Simchat Tora, Jozef Pankiewicz--
Russian Academicism


However, Pankiewicz had the good fortune to meet in Paris, Pierre Bonnard, an artist about his own age, but one who had been immersed in Impressionism some years before and was in the process of throwing off it's limitations in favor of the many cross-currents of Post-Impressionism. Pankiewicz may also have met the American expatriate painter, James McNeill Whistler, about the same time. At least he seems to have been influenced by Whistler's nocturne paintings, as seen in Pankiewicz's 1892 The Old Town Square in Warsaw by Night (above, right). Although Bonnard introduced Pankiewicz to Impressionism as can be seen in the Polish artist's Flower Market in Front of the Church of St. Magdalene in Paris (above) from 1890, both Bonnard and Pankiewicz were also being sucked into the new Post-Impressionist mainstream, Bonnard drifting in with the Nabis, Pankiewicz with the Fauvists.

Mrs. Oderfedlowa and Daughter,
1897, Josef Pankiewicz
Little Girl in a Red Dress,
1897, Jozef Pankiewicz
All this time Pankiewicz was starting to receive important portrait commissions as well (usually children and sometimes their mothers). Not surprisingly, he seems torn between the soft focus of Impressionism as seen in his Little Girl in a Red Dress (above, left) and the strict, Caravaggio-Baroque style he picked up in Russia (flavored by some Whistler influence) as exemplified by his Mrs. Oderfedlowa and Daughter (above, right), both painted the same year.
 
Still life with fruits and knife, 1909,Jozef Pankiewicz--Cezannesh?
Japonka, 1908,
Jozef Pankiewicz
I'm not sure if all these styles should be seen a conflicting torment or a broad, stylistic blessing. Pankiewicz's Fauvist tendencies can be seen in his Quay of the port of Saint-Tropez (top), from 1909 while it's not hard to discern a considerable degree of influence by way of Cezanne in Pankiewicz's Still life with fruits and knife (above), from 1909. Around the same time we see Pankiewicz's experimenting with a sort of Fauvist Orientalism in his Japonka (left). Later, around 1914, Pankiewicz seems to have swung back toward Impressionism as seen in his Landscape with Church and Cypress Trees (below).

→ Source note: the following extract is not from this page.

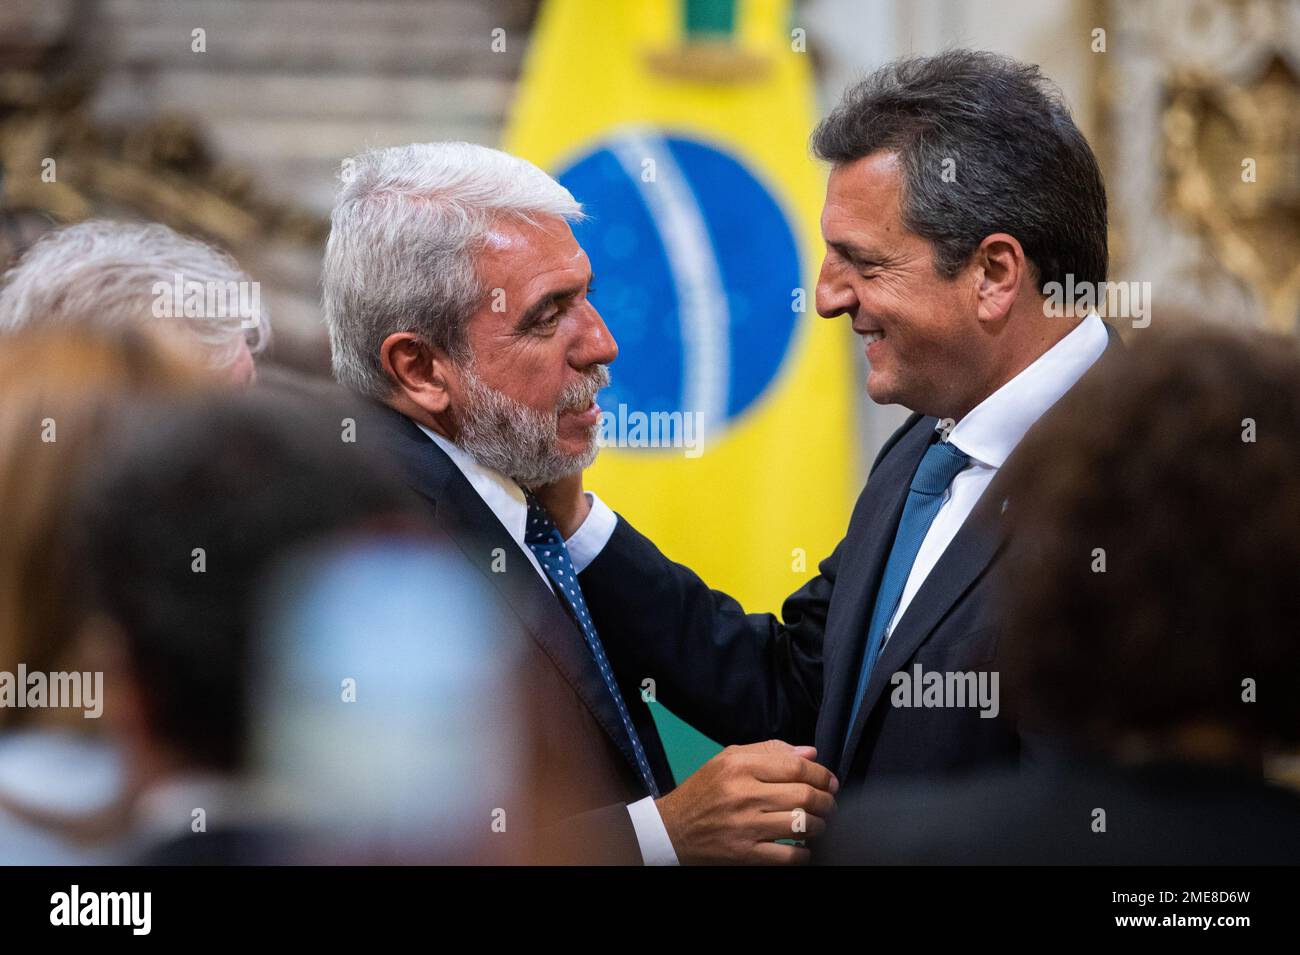 Buenos Aires, Argentina. 23rd Jan, 2023. Anibal Fernandez (L), Minister of Security of the Argentine Nation speaks with the Minister of Economy Sergio Massa (R), during a press conference between Brazilian President Luiz Inacio Lula Da Silva and Argentina's President Alberto Fernandez at the government house in Buenos Aires. Credit: SOPA Images Limited/Alamy Live News Stock Photo
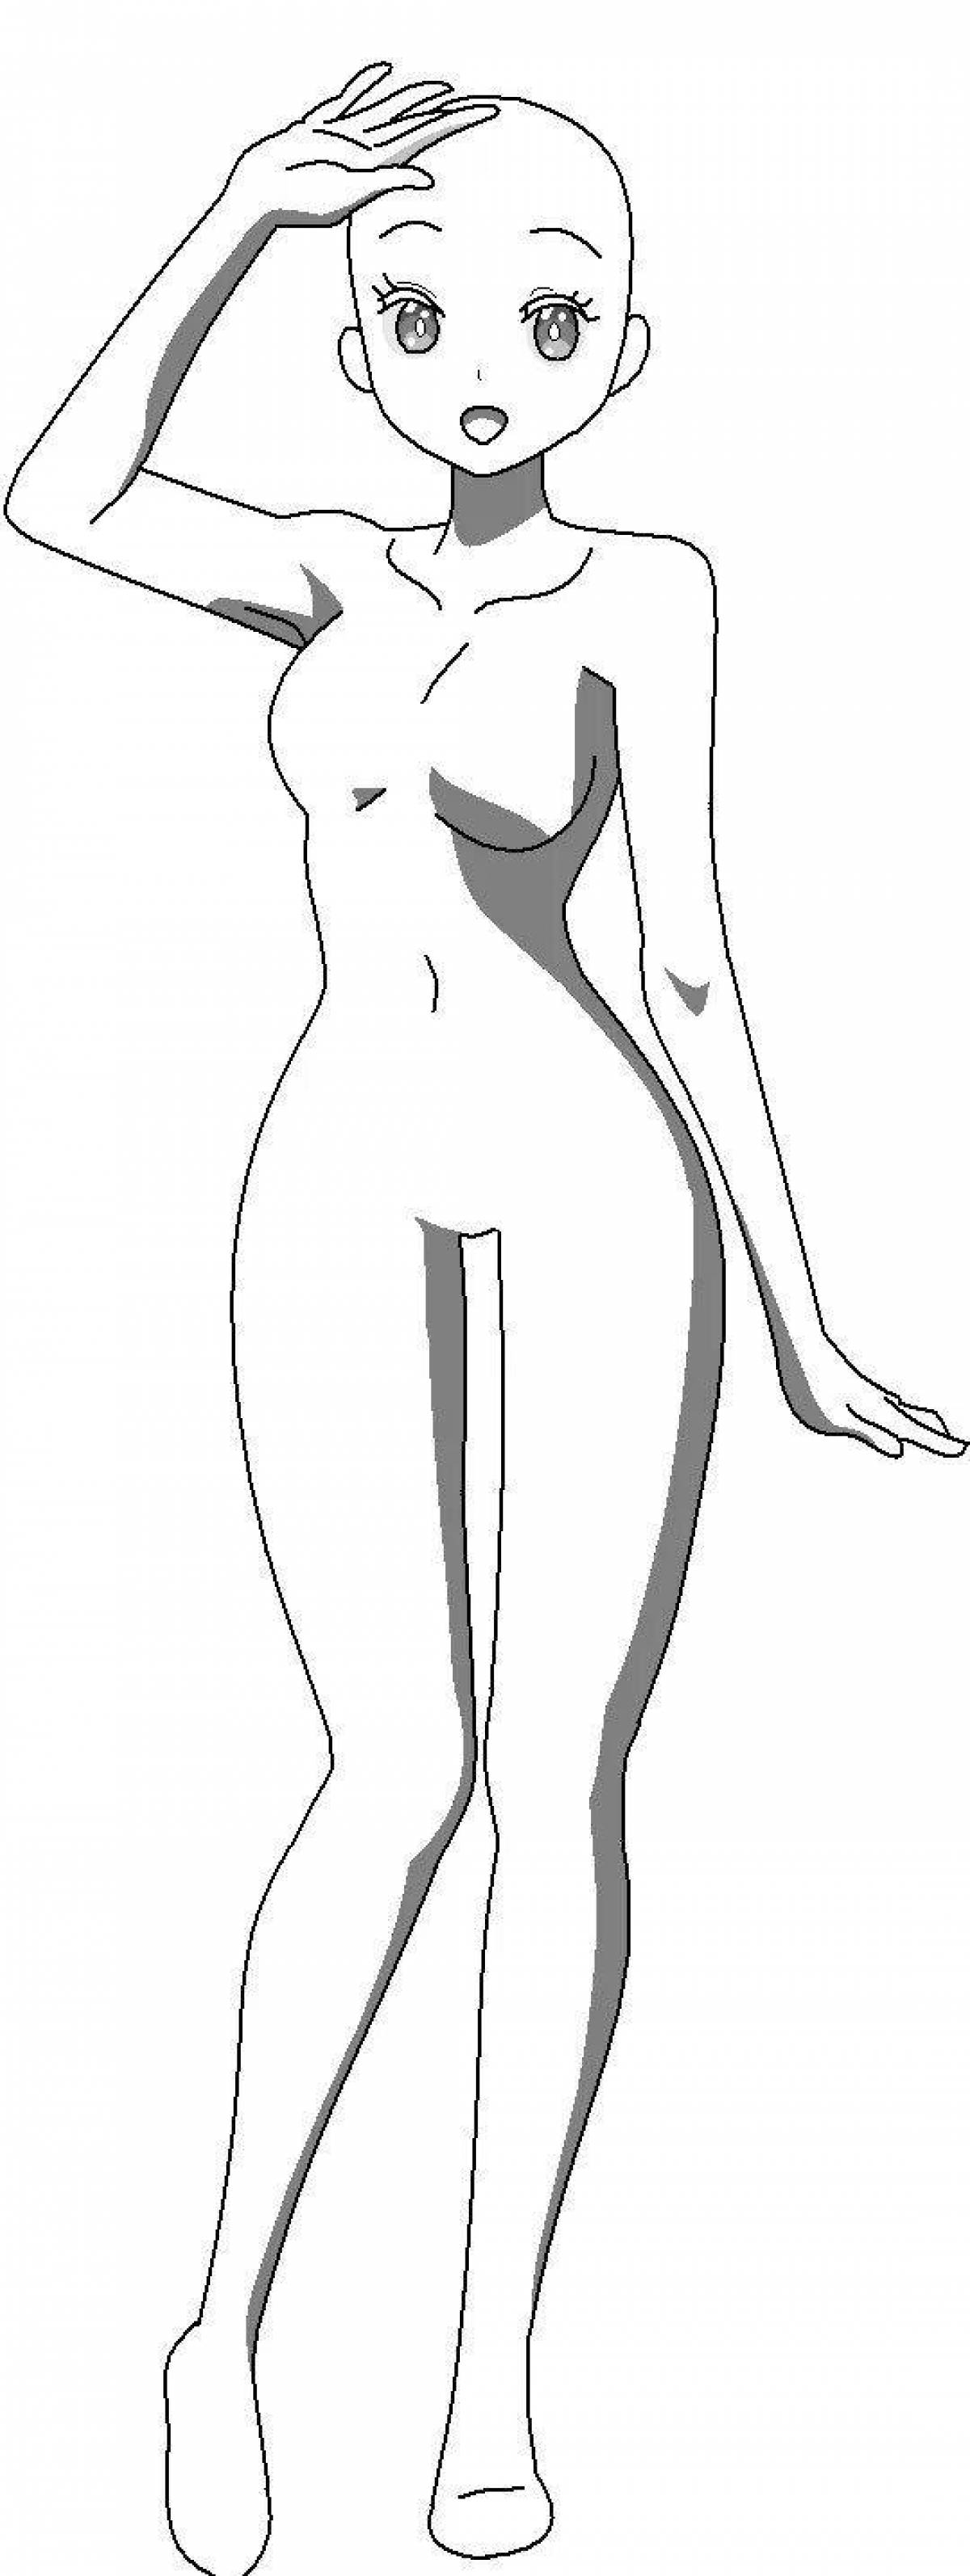 Anime glowing body coloring page

Landscape with Church and Cypress Trees,
1914, Jozef Paniewicz
Rue Cardinale in Paris,
1925, Jozef Pankiewicz
It's not at all unusual for artists in the late years of their careers to return to their roots. The problem is Pankiewicz had so many roots from which to choose. As his Rynek Kleparski market in Krakow (below) from 1930, Pankiewicz seems to have sought out a kind of Academic Impressionism yet his Rue Cardinale in Paris (left), from 1925, would appear to embrace neither in its dominant drabness. Pankiewicz died in 1940, to be remembered either as a very versatile painter or one who was prone to vacillate.